Dr. Ziyad Al-Aly Chief of Research and Development at the VA St. Louis Health Care System, who was not involved in the research, told MNT that:

“While it’s possible that certain cases [of brain fog] have very different causes, overall, there does appear to be a clear physiologic pathway by which infection with the [SARS-CoV-2] virus induces an inflammatory response which actually causes inflammation in the brain — neuroinflammation — which can, in turn, […] cause cognitive dysfunction.”

He said that this latest paper supported the idea that “inflammation and vascular injury seem to be key consequences of the infection and these may be mechanistically driving disease manifestations such as brain fog.“

“Not only from this paper but from the body of mechanistic and clinical evidence amassed thus far. It is clear that COVID-19 results in activation of complement system, platelet aggregation and thrombo-inflammation,” he added.

Dr. Kaiser, who was also not involved in the research, cautioned that there is still a lot of uncertainty about the causes of cognitive dysfunction in people with long COVID.
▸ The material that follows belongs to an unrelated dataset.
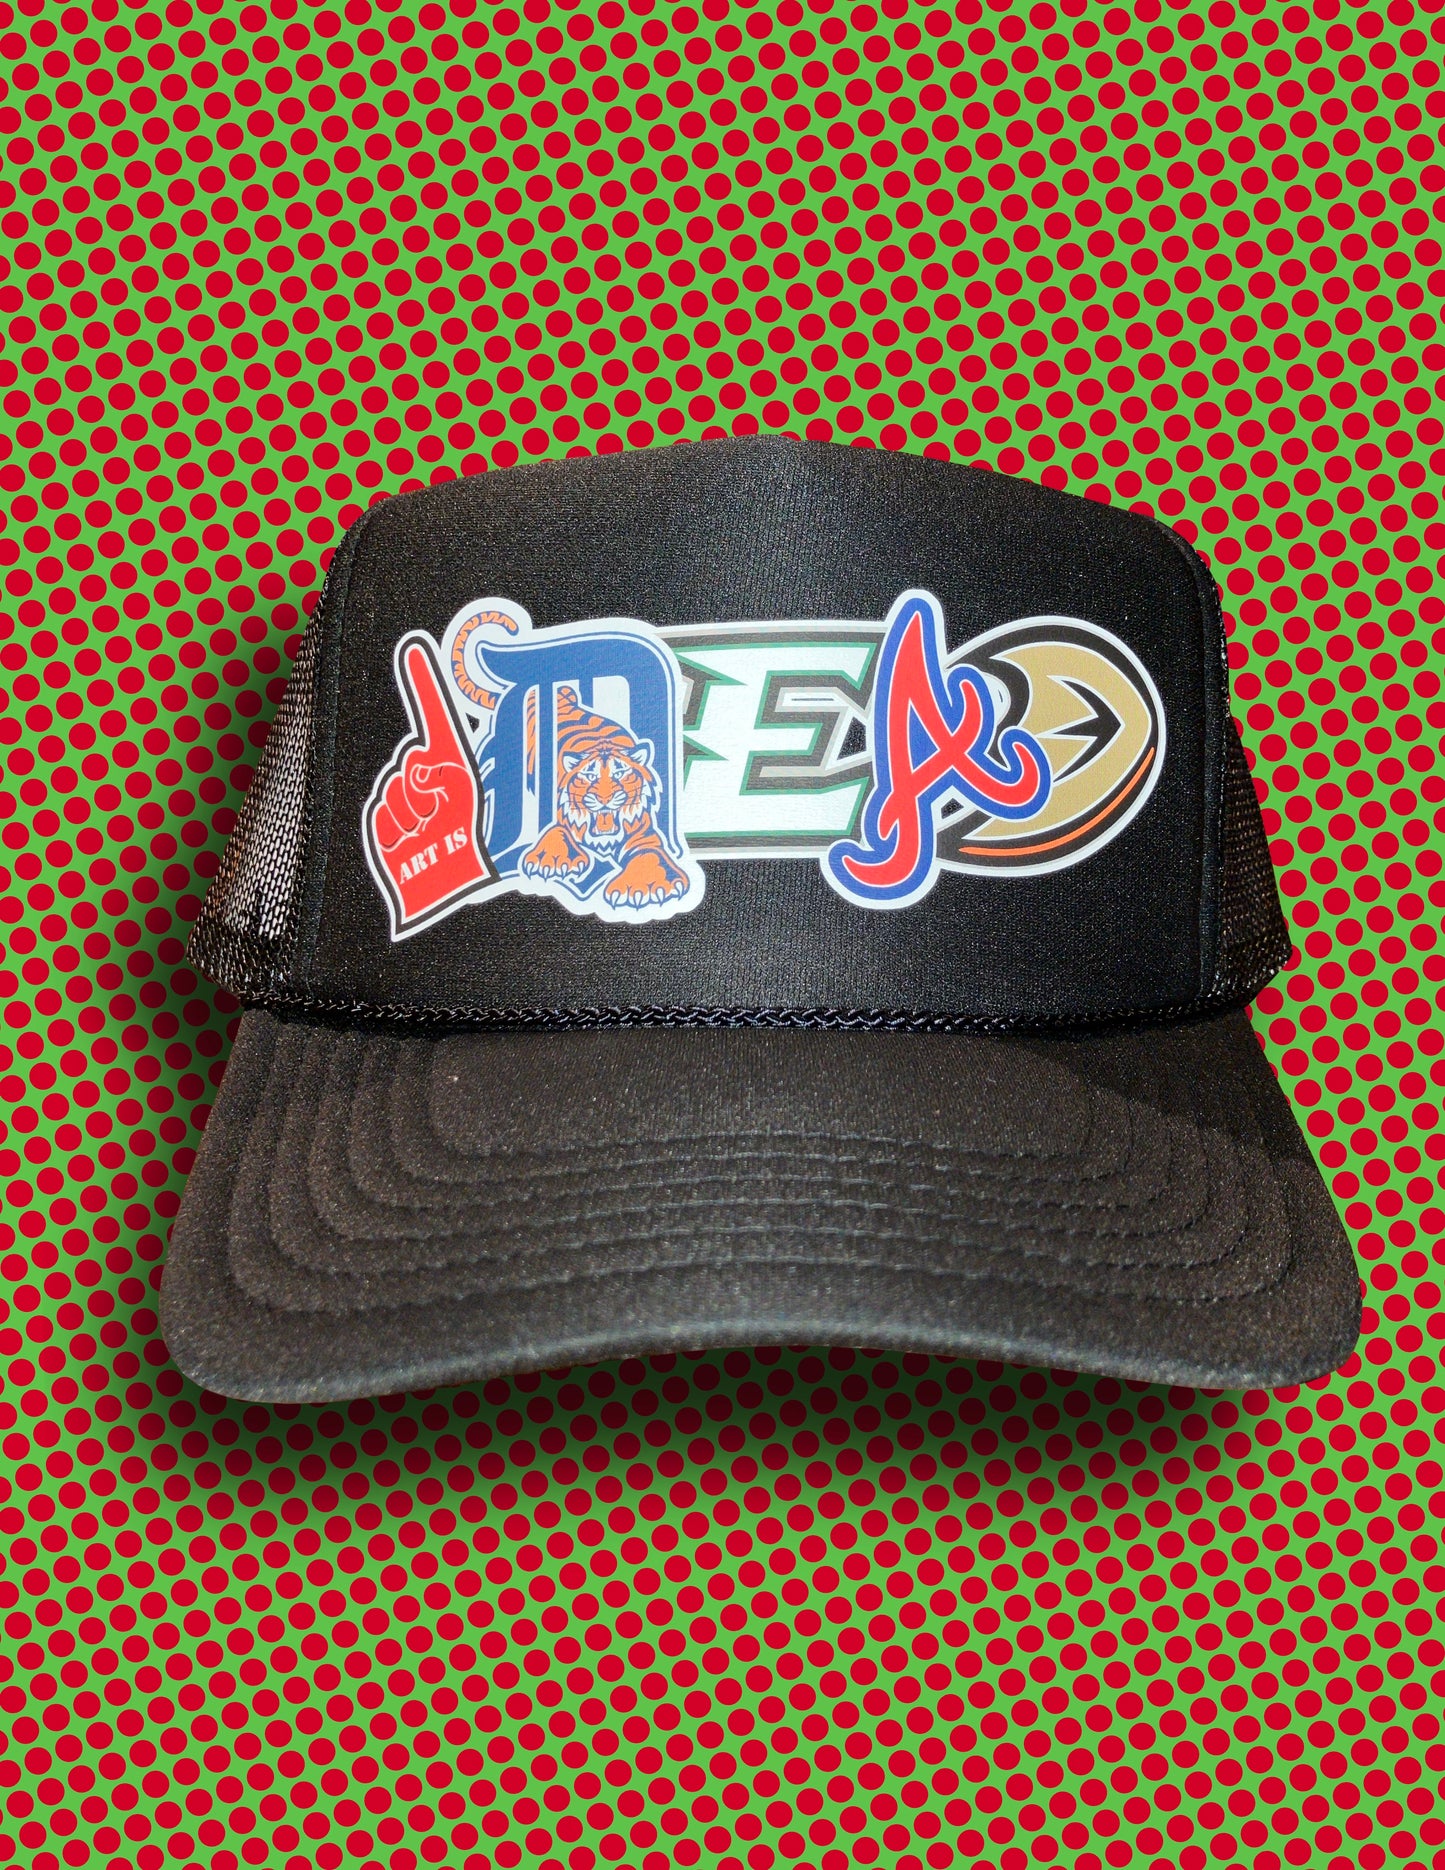 Sports Logo Hat Black

“[T]his study reinforces the idea that the experience of cognitive impairment following COVID is quite frequent and is striking in the extent to which this impairment may persist for many months following infection, even in cases that were not that severe,” he told us.

Dr. Al-Aly said the research could present opportunities to develop biomarkers or diagnostics for patients with long COVID and brain fog.

He said: “I think we are making progress on this, and uncovering key mechanistic pathways (like complement activation); all these present opportunities to develop biomarkers or diagnostics to identify patients. Leaky blood brain barrier could also be identified on imaging. So overall, I think we are certainly getting closer than ever before.”